2着に2コースから鋭角に差した宮地、3着にカド差しの池田が入線し、3連単は1番人気の決着。

優勝戦スリット
優勝戦1周2マーク

今回の優勝で賞金ランキングが5位に浮上した土屋。「昨年のグランプリはツラい思い出しかない。これから全部勝つつもりで、ベスト6、なんなら1位でグランプリに行きます」と後半戦、そして年末への決意を口にした。
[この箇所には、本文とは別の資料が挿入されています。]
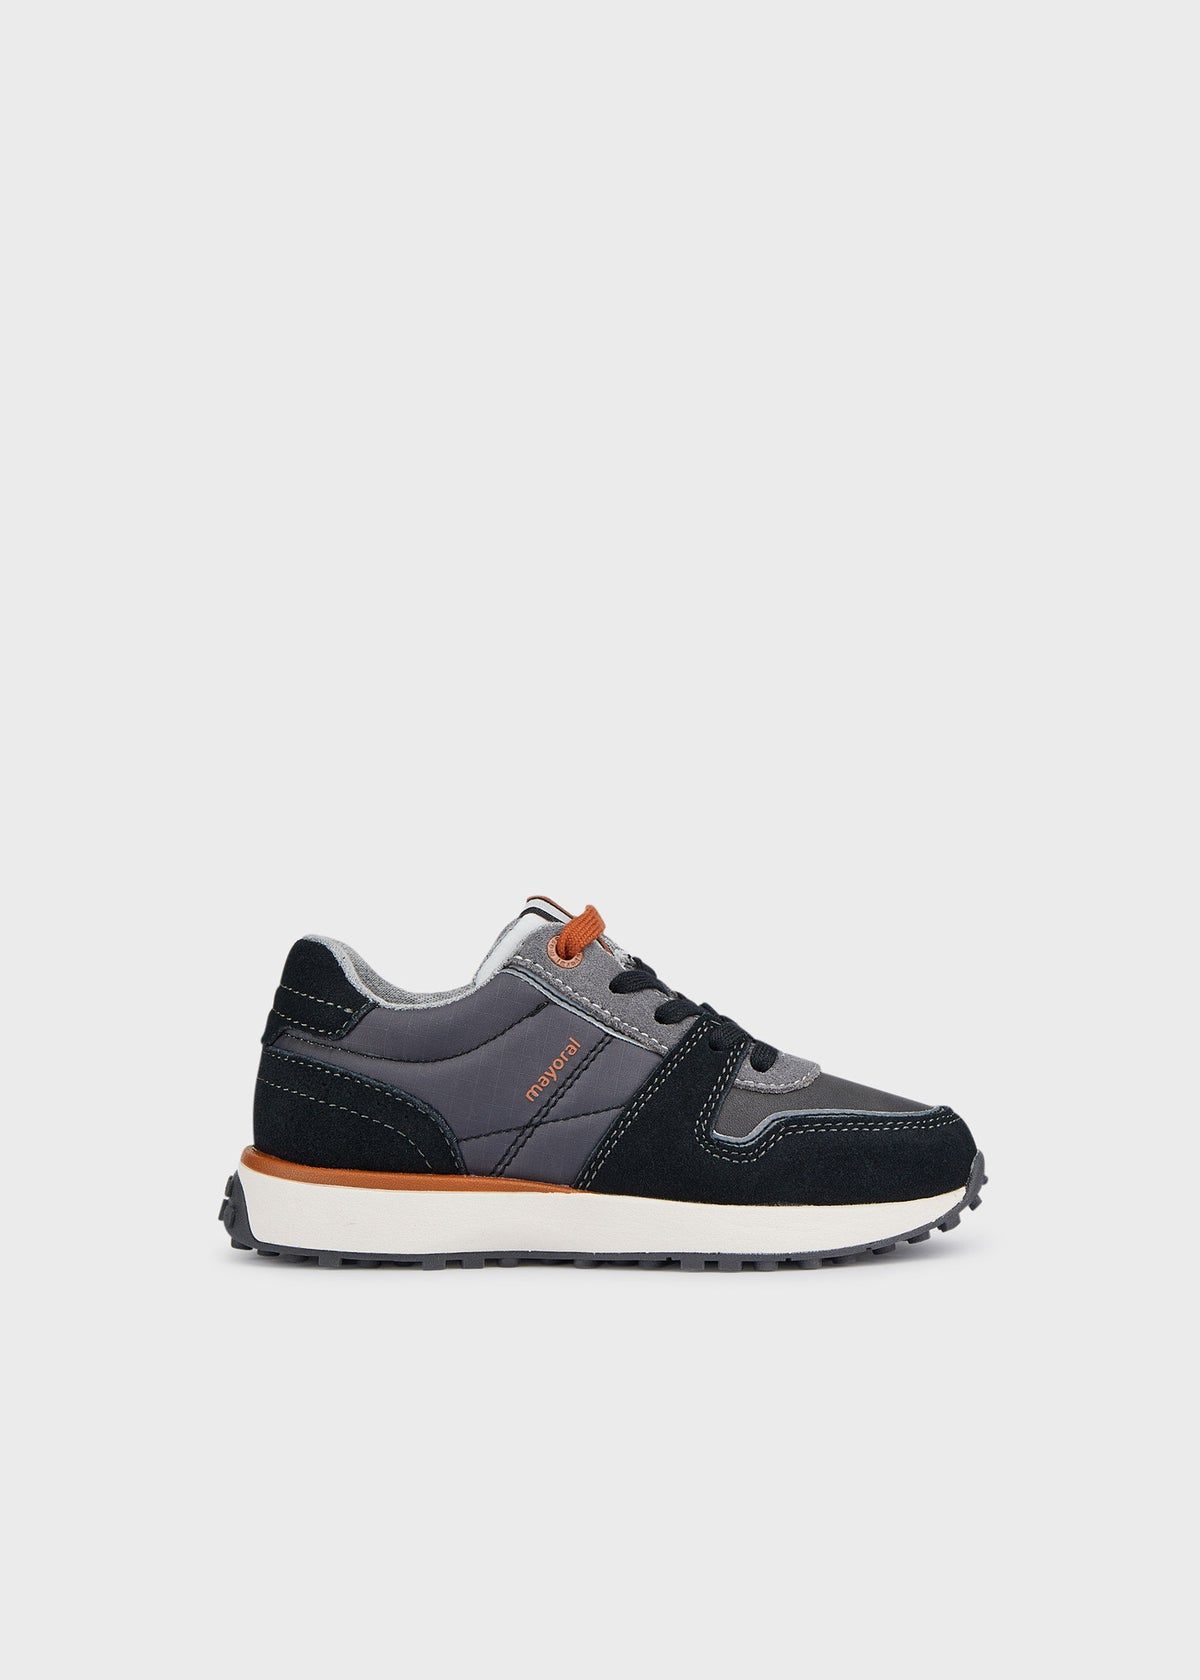 Schuhe 44361 Grau

群馬支部の先輩・毒島誠、後輩・関浩哉、そして同期の西山貴浩に祝福される

高確率で機力が上昇したセット交換。ファンの立場と選手の立場で“艇言”

今節を一言で表すなら「セット交換」に尽きる。藤原邦充記者の「艇言」に記載されているので、詳細は割愛するが、最終的には節間で24人がセット交換を行った。交換をした選手としなかった選手の機力差は明らかで、しなければスタートラインに立てない状況だった。
モーター使用履歴が浅いとはいえ、事前の機歴が全く役に立たないものとなり、エース候補の磯部誠も全く歯が立たずに終わった。その一方で、優勝した土屋をはじめ、優出した6人の内4人が節間にセット交換を行い、平本も前操者が行っている。上條だけが行わず、「純正の星ですね!」と胸を張った。
次のSGは大村のオーシャンカップ。状況的には今節と似ていて、モーターは6月に更新されたばかり。今後はどうするのがいいだろうか。